American-bred, Irish Thoroughbred racehorse

Roberto (16 March 1969 – 2 August 1988) was an American-bred, Irish-trained Thoroughbred racehorse. In a career that lasted from 1971 until July 1973, he ran fourteen times and won seven races. He was the best Irish two-year-old of 1971, when his victories included the National Stakes. As a three-year-old, he won the Derby before recording a famous victory over Brigadier Gerard in the inaugural running of the Benson and Hedges Gold Cup. This is regarded by many experts to have been one of the greatest ever performances on a European racecourse. He won the Coronation Cup as a four-year-old before being retired to stud. Roberto had fragile knees and required a left-handed track to perform to his best; he never won going right-handed. He was described by Lester Piggott as " a champion when things were in his favour". Roberto also proved to be a highly successful and influential stallion.

==Background==
Roberto was a bay horse with a white blaze bred by John W. Galbreath at his Darby Dan Farm in Lexington, Kentucky. He was a son of the successful sire Hail To Reason out of the mare Bramalea, winner of the CCA Oaks in 1962. Roberto's grandsire was Turn-To, a descendant of Nearco, and his damsire was U.S. Hall of Famer Nashua. He was named for Major League Baseball star Roberto Clemente by his owner John Galbreath who also owned the Pittsburgh Pirates baseball team.

Galbreath sent the colt to be trained in Ireland by Vincent O'Brien.

==Racing career==

===1971: two-year-old season===
Roberto made his debut in the Lagan Stakes in July 1971 at the Curragh Racecourse. He won impressively and then contested the Anglesey Stakes also at the Curragh which he won easily. He returned to win the National Stakes over the same course, drawing comparisons to Nijinsky. He was then sent to France to contest the Grand Critérium at Longchamp Racecourse and finished fourth behind Hard To Beat.

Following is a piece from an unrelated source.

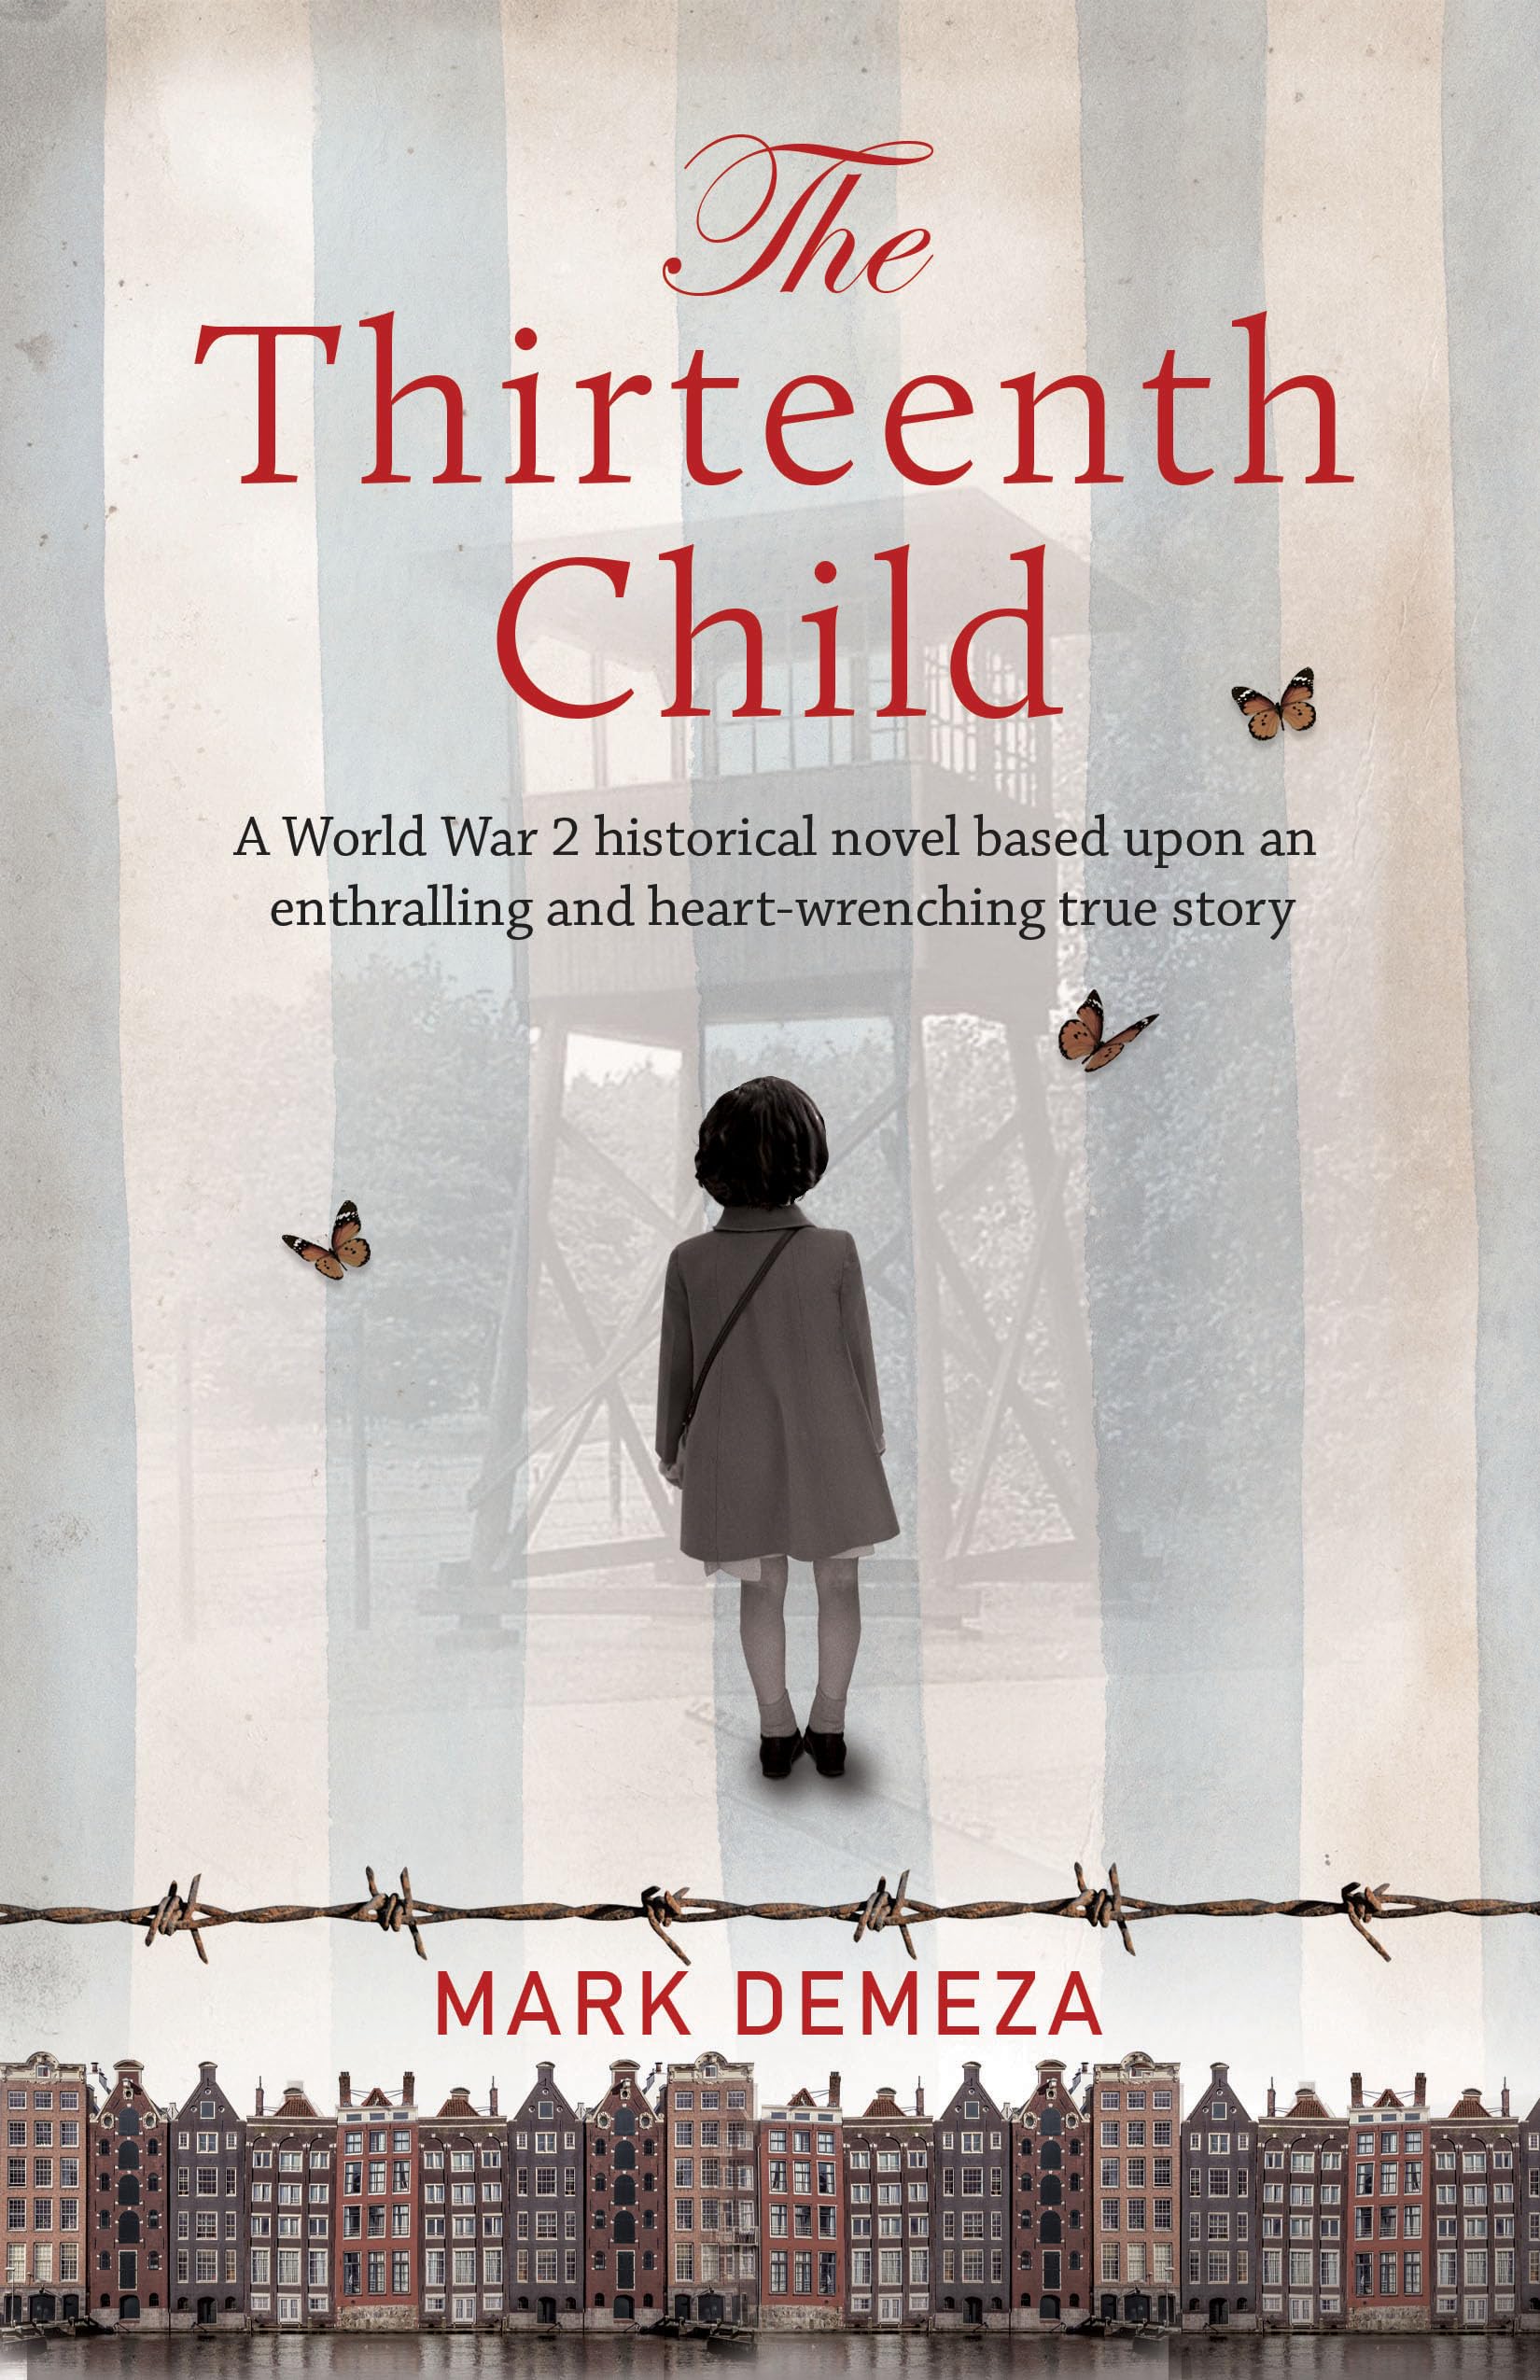 The Thirteenth Child: A World War 2 historical novel based upon an enthralling and heart-wrenching true story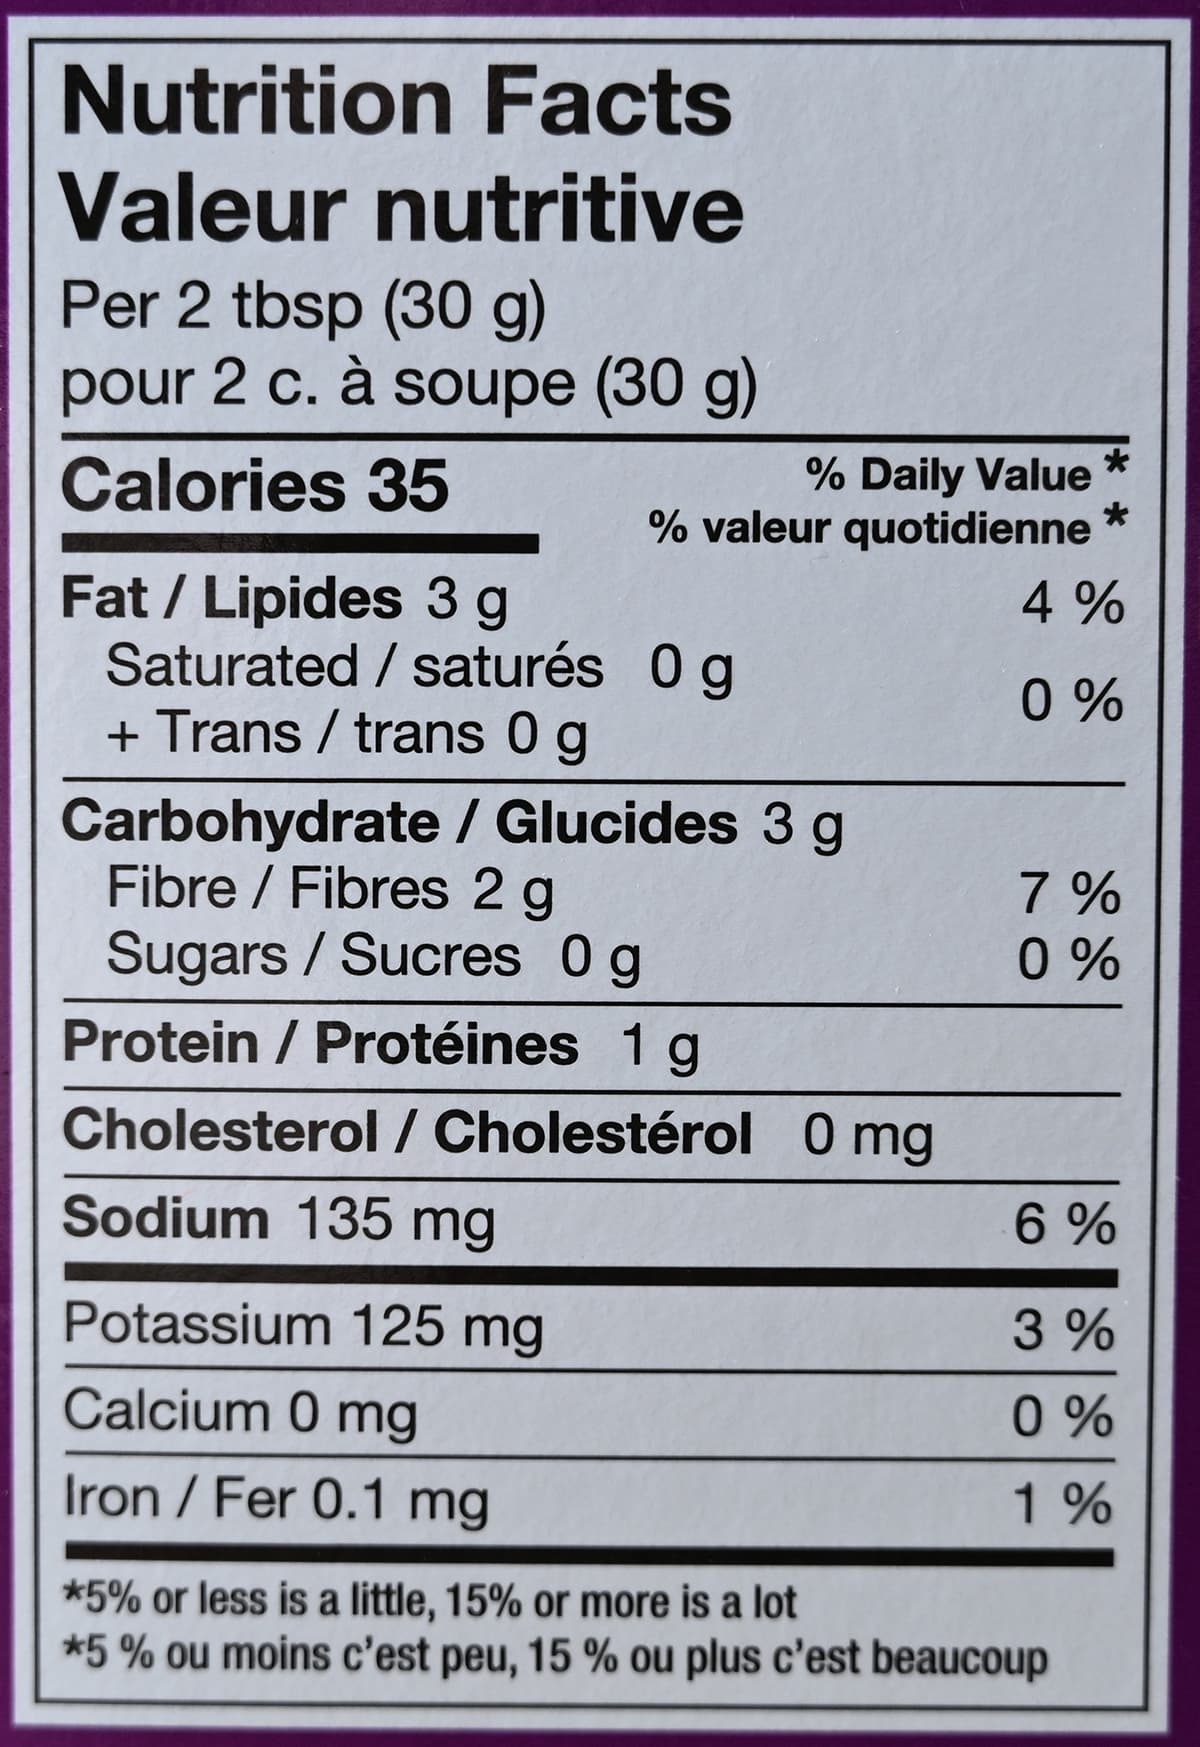 Image of the nutrition facts for the guacamole from the back of the box.

===1972: three-year-old season===
At age three, Roberto began his season by winning the Vauxhall Trial Stakes at Phoenix Park Racecourse and was then sent to England to contest the Classic 2000 Guineas at Newmarket. He was held up in the early stages but stayed on strongly to finish second by half a length to High Top, with the pair finishing six lengths clear of the other runners. Roberto had been ridden in the 2000 Guineas by the Australian jockey Bill Williamson. Williamson sustained a shoulder injury in a fall at Kempton Park Racecourse ten days before the Epsom Derby and after a slow recovery such that he was not able to ride before Derby Day, he was replaced by Lester Piggott.

===Epsom Derby===
Roberto started the 3/1 favourite for the Derby in a field of twenty-two runners. He and outsider Rheingold battled neck and neck from a furlong and a half out after Pentland Firth was squeezed a little for room and dropped away. Rheingold was marginally ahead until the very last stride. when Piggott edged Roberto home on the rails. Piggott actually thought he had been beaten, while Rheingold's jockey, Ernie Johnson, said afterwards that the winning post had come one stride too late for his horse. In a virtual dead heat, Roberto got up to win by the shortest of short heads. Piggott stated that if he had been beaten he was sure that he would have been awarded the race as Rheingold was leaning on him throughout the final furlong. He also reported that Roberto "wasn't doing much for me"; it is remarkable that despite Roberto's lack of commitment he was still able to win as Rheingold was an exceptional colt who would subsequently win the Grand Prix de Saint-Cloud (twice), a Prix Ganay, and a Prix de l'Arc de Triomphe. The Derby victory, confirmed after a stewards' enquiry, was poorly received by the crowd, many of whom felt that Williamson had been unfairly deprived of the ride. The win made John Galbreath the first person to own winners of both the English and American Derbys, since he had also won the 1963 Kentucky Derby with Chateaugay and the 1967 Kentucky Derby with Proud Clarion. Roberto returned to Ireland for the Irish Derby but produced a dismal performance at The Curragh, a right-handed track, and finished twelfth of the fourteen runners behind Steel Pulse.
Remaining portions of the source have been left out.